Second voyage. Columbus left Cadiz, Spain, on September 24, 1493 to find new territories, with 17 ships carrying supplies, and about 1,200 men to colonize the region. On October 13, the ships left the Canary Islands as they had on the first voyage, following a more southerly course.

On November 3, 1493, Columbus sighted a rugged island that he named Dominica; later that day, he landed at Marie-Gallant, which he named Santa Maria la Gallant. After sailing past Les Saints (To-dos los Santos), he arrived at Guadeloupe (Santa Maria de Guadalupe), which he explored between November 4 and November 10, 1493.

The exact course of his voyage through the Lesser Antilles is debated, but it seems likely that he turned north, sighting and naming several islands including Montserrat (Santa Maria de Montserrat), Antigua (Santa Maria la Antigua), Redondo (Santa Maria la Redonda), Nevis (Santa Maria de las Nieves), Saint Kitts (San Jorge), Saint Eustatius (Santa Anastasia), Saba (San Cristobal), Saint Martin (San Martin), and Saint Croix (Santa Cruz).

He also sighted the island chain of the Virgin Islands, which he named Santa Ursula y las Once Mil Virgins, and named the islands of Virgin Gorda, Tortola, and Peter Island (San Pedro).

He continued to the Greater Antilles, and landed at Puerto Rico (San Juan Bautista) on November 19, 1493. One of the first skirmishes between Americans and Europeans since the Vikings took place when his men rescued two boys who had just been castrated by their captors.

Michele de Cuneo, a Liguria nobleman on Columbus' second voyage, wrote in 1495, "While I was in the boat I captured a very beautiful Carib woman, whom the said Lord Admiral gave to me and with whom, having taken her into my cabin, she being naked according to their custom, I conceived desire to take pleasure.

I wanted to put my desire into execution but she did not want it and treated me with her finger nails in such a manner that I wished I had never begun.

But seeing that (to tell you the end of it all), I took a rope and thrashed her well, for which she raised such unheard of screams you would not have believed your ears. Eventually we came to such terms, I assure you, and that you would have thought she had been brought up in a school for whores.

On November 22, Columbus returned to Hispaniola, establishing a new settlement at Isabel – on the north coast – where gold had first been found.

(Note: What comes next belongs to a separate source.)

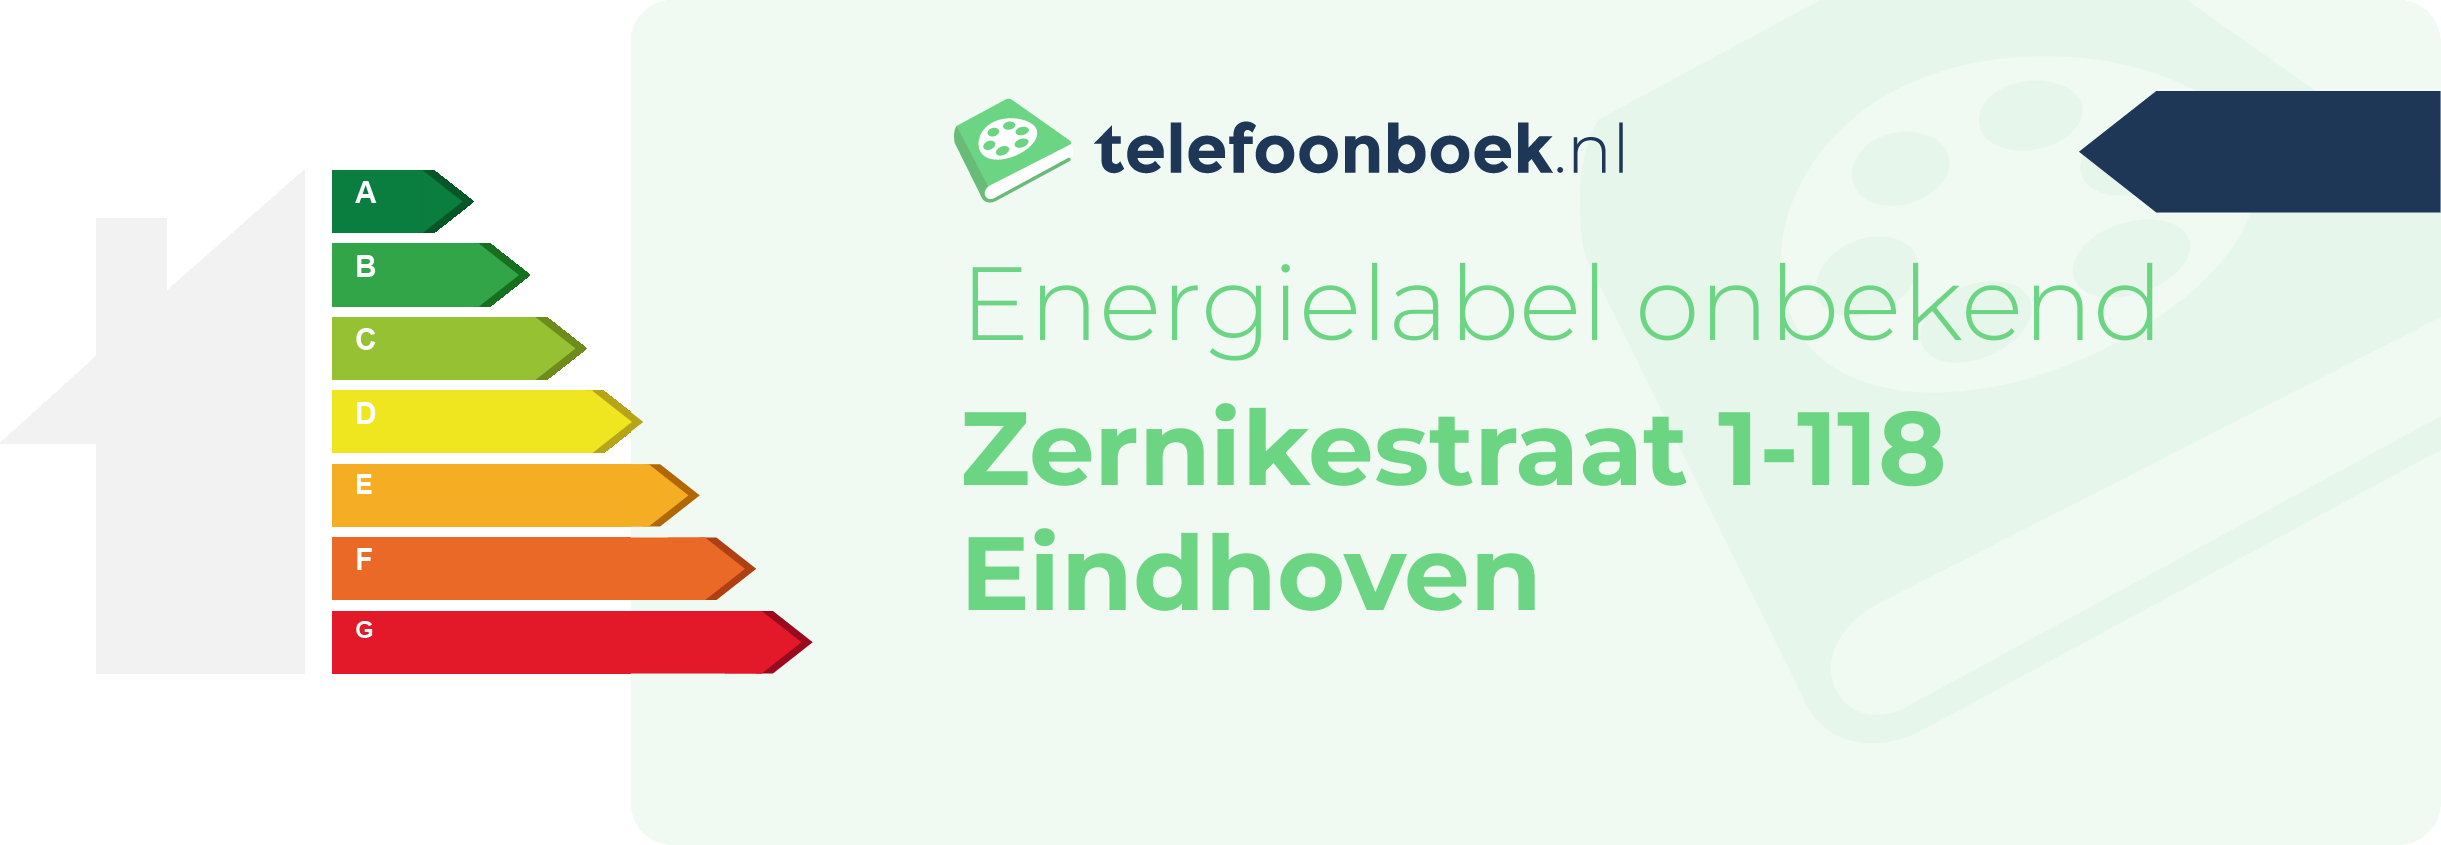 Energielabel Zernikestraat 1-118 Eindhoven

However, it proved a poor location and the settlement was short-lived.

He left Hispaniola on April 24, 1494, arrived at Cuba (naming it Juana) on April 30, and reached Jamaica on May 5. He explored the south coast of Cuba, which he believed to be a peninsula rather than an island, and several nearby islands including the Isle of Youth (La Evangelista), before returning to Hispaniola on August 20 and then finally returning to Spain.